Sa dégradation a lieu, le 5 janvier 1895, dans la cour d’honneur de l’École militaire, devant une foule abondante qui crie sa haine des juifs.. Déporté à l’île du Diable, le capitaine Dreyfus lutte pour sa réhabilitation et adresse en vain des missives aux autorités de la République. Mais l’administration lui refuse les moyens de préparer sa défense. Le 9 juin 1899, Dreyfus quitte l’île du Diable.

Dès 1895, les premiers dreyfusards se rassemblent. Le grand rabbin Zadoc Kahn, l’écrivain Bernard Lazare, l’homme politique Joseph Reinach luttent pour les droits de l’accusé à un jugement équitable. Ils sont rejoints par l’historien Gabriel Monod, puis par Émile Zola. Bernard Lazare rédige une brochure démontrant l’innocence d’Alfred Dreyfus, une erreur judiciaire. L’affaire Dreyfus devient une affaire politique. Après un court procès, Esterhazy est acquitté le 11 janvier 1898. Indigné, Zola adresse une lettre ouverte au président de la République, publiée sous le titre « J’accuse… ! » le 13 janvier 1898, dans L’Aurore, le journal de Clemenceau. Cette lettre lui vaut un procès, une condamnation et l’exil. En août 1898, le colonel Henry reconnaît avoir fabriqué un faux et se suicide. Esterhazy s’enfuit à Londres et le gouvernement est discrédité. Les preuves de la machination contre Dreyfus s’accumulent. Le combat pour la révision du procès Dreyfus devient le combat pour la justice dans la République. Mais, le 3 juin 1899, les magistrats cassent le verdict de 1894 et convoquent Alfred Dreyfus devant un conseil de guerre à Rennes.

Le verdict prononcé par la cour militaire, le 9 septembre – dix ans de réclusion et une seconde dégradation. Alfred Dreyfus, en mauvaise santé, ne peut supporter une longue détention. Mathieu Dreyfus obtient la grâce présidentielle pour son frère, le 19 septembre. Désormais libre, Alfred Dreyfus, décidé à faire réparer l’erreur judiciaire dont il est la victime, déclare : « Le gouvernement de la République me rend la liberté. Elle n’est rien pour moi sans l’honneur ».
La mort brutale de Zola en septembre 1902, et l’engagement de Jaurès, lors d’un grand discours à la Chambre en avril 1903, aboutissent à l’ouverture d’une enquête. La découverte de nouvelles machinations décide le gouvernement d’Émile Combes à saisir la Cour de cassation. Le 12 juillet 1906, un arrêt de la Cour de cassation réhabilite Alfred Dreyfus. Soucieux de sa dignité, Alfred Dreyfus décide alors de démissionner. Officier de réserve, il reviendra sous les drapeaux durant la guerre de 1914-1918 et meurt le 12 juillet 1935.
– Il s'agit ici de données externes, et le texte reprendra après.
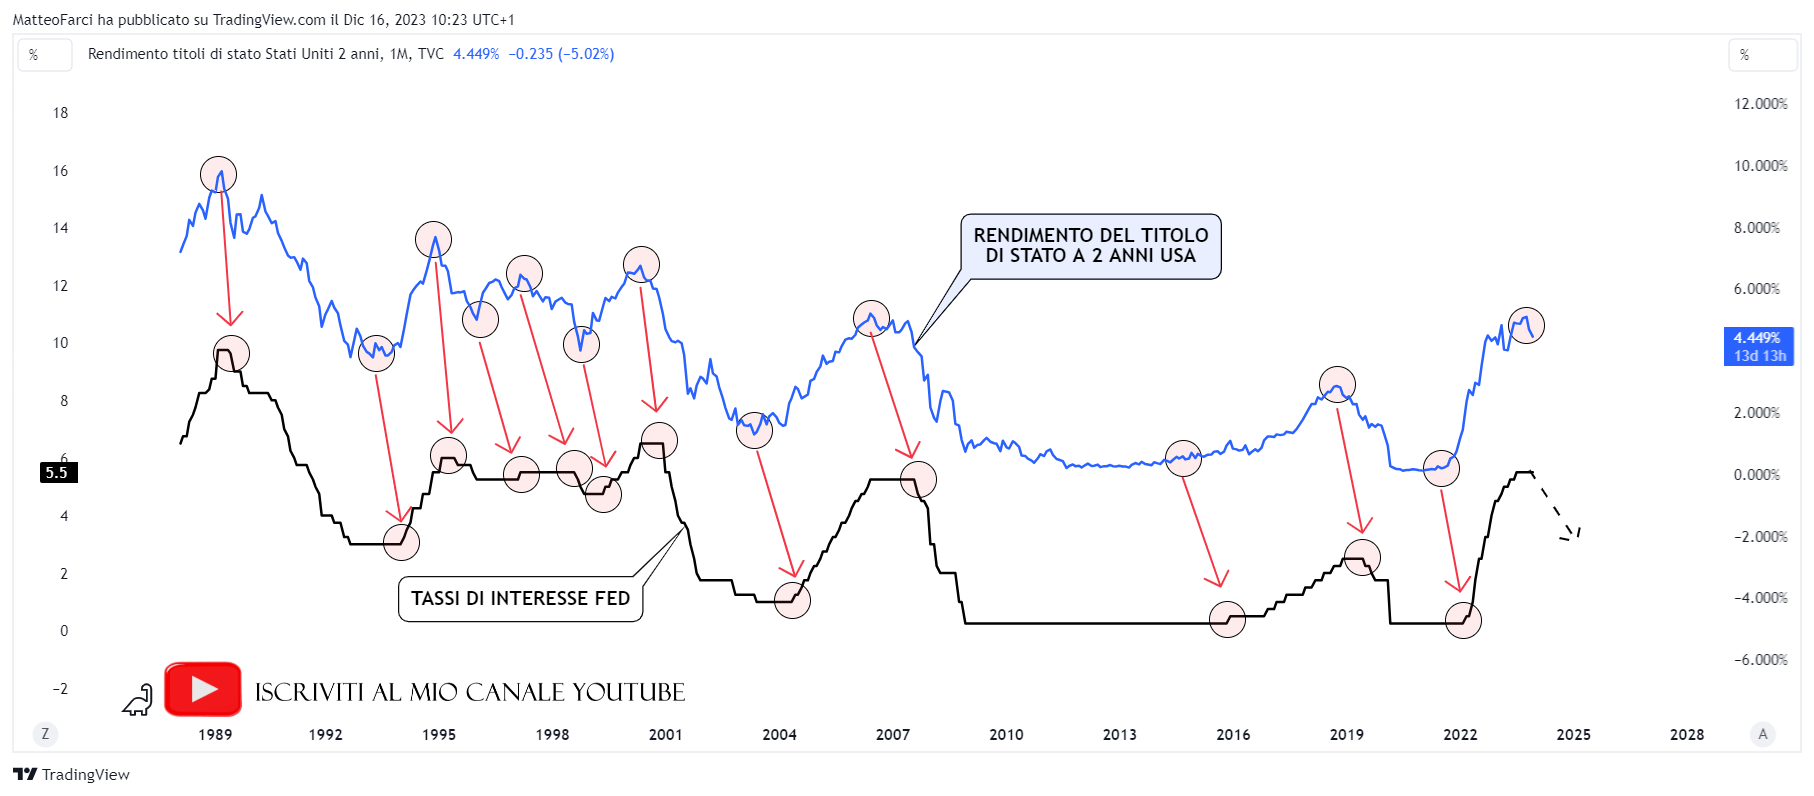 La correlazione positiva tra il rendimento a 2 anni statunitense e i tassi di interesse della FED. Grafico mensile

Cette « affaire » a marqué profondément la France et surtout la République naissante. Elle participe du fondement de nos valeurs, en particulier, celles de la laïcité de l’Etat et du refus des discriminations. En cela l’Affaire Dreyfus est remarquable. Le transport des cendres d’Alfred Dreyfus au Panthéon permettrait de célébrer l’héroïsme du citoyen ordinaire, du résistant et surtout des droits des citoyens qui fondent notre justice et qui ont porté l’arrêt solennel de la Cour de cassation, il y a juste cent ans.

Aussi, sur proposition de Lyne Cohen-Solal, Patrick Bloche et des membres du groupe socialiste et radical de gauche, le Conseil de Paris émet le vœu que :

Le maire de Paris demande au Président de la République que les cendres d’Alfred Dreyfus soient transférées au Panthéon.